Vidale and Hedlin analyzed seismic waves from 25 earthquakes of magnitude 6.0 or higher that have struck the southwest Pacific island of Tonga -- the locale with more major earthquakes than anywhere on earth. The measurements were generated by a network of 132 seismometers spread over 60 miles in Norway, instruments that were originally deployed in the 1960s to monitor the Soviet Union's nuclear weapons testing. Seismic vibrations from Tonga radiate through the earth, and reach seismometers in Norway in about 20 minutes.

The scientists' analysis reveals that seismic waves hit an obstacle that causes the waves to change direction, or scatter.

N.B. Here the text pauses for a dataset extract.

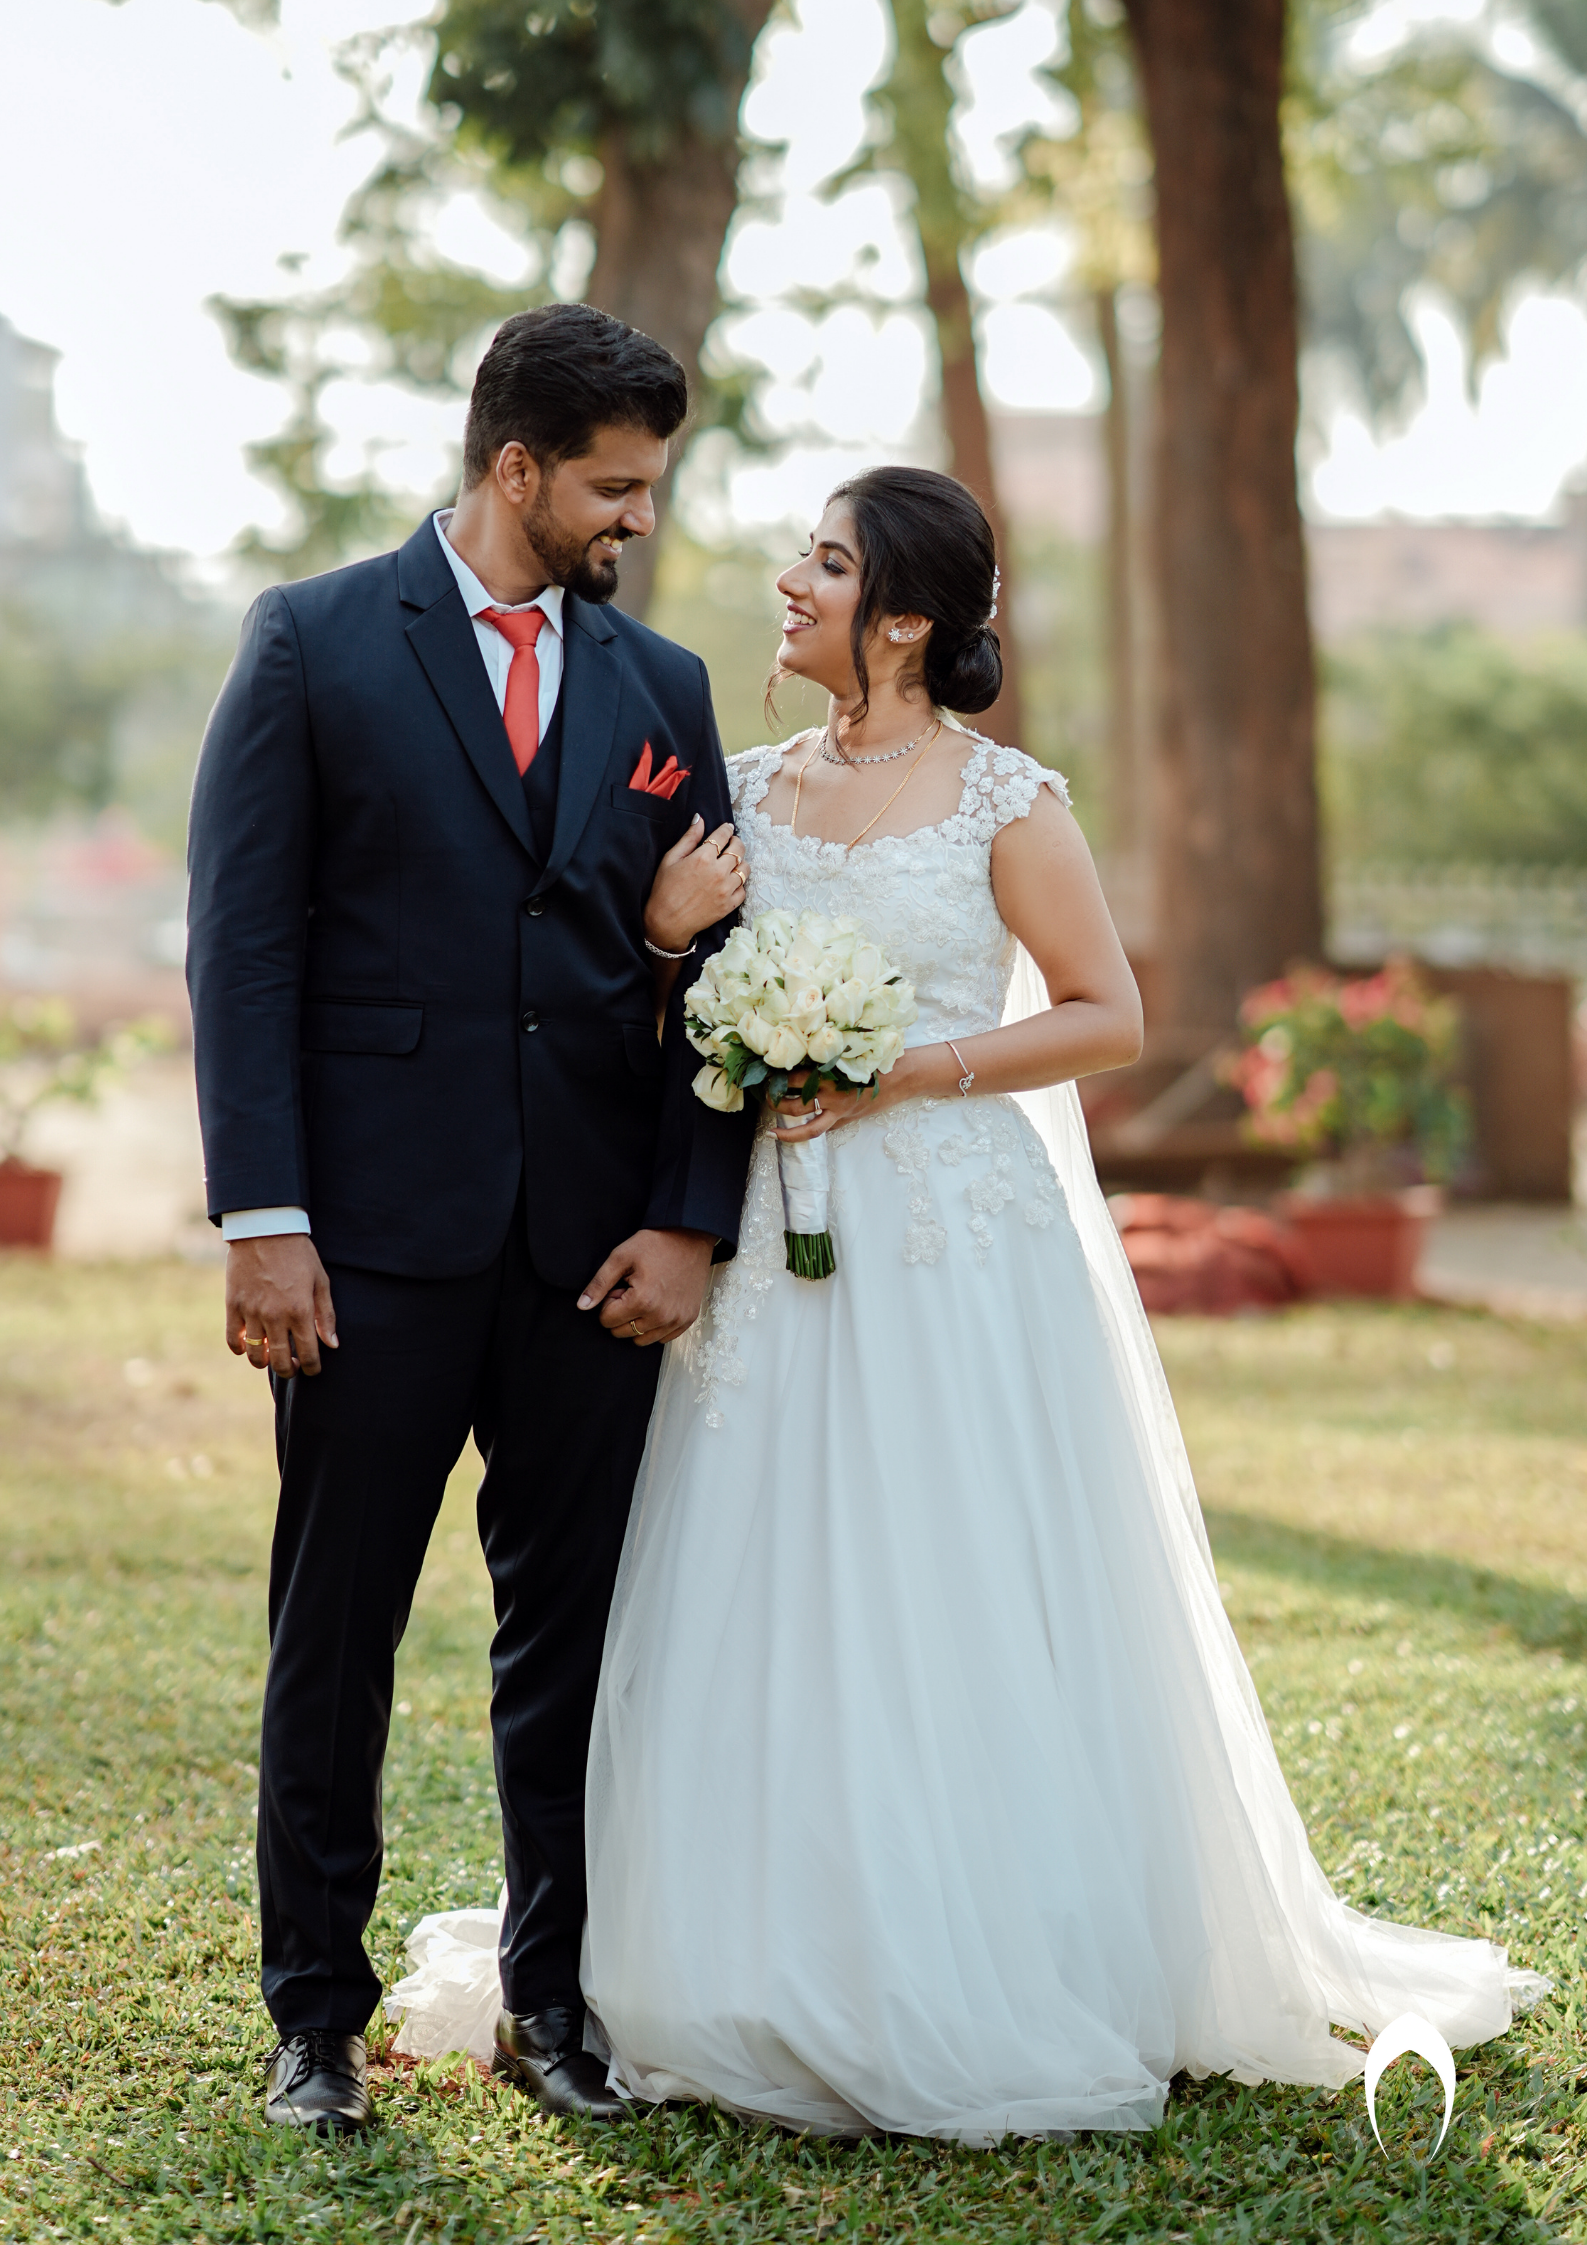 Christian Bridal Dresses | Christian Bridal Dresses In Chennai | Christian  Marriage Dresses

By studying this scattering, they were able to draw conclusions about the boundary between earth's core and mantle. "The best and perhaps only explanation for the large amount of scattering in the seismic waves is that part of the rock in the mantle is melted," explains Vidale.

The new study detected a slurry of molten rock across a 300-by-600-mile region deep beneath Tonga.

Closer to home, volcanic plumes that erupt in Hawaii and thermal phenomena like the geysers in Yellowstone may originate in the core-mantle boundary, but that remains to be proven, says Vidale. A goal of his research is to learn whether material is transported from the core to the mantle, and vice versa.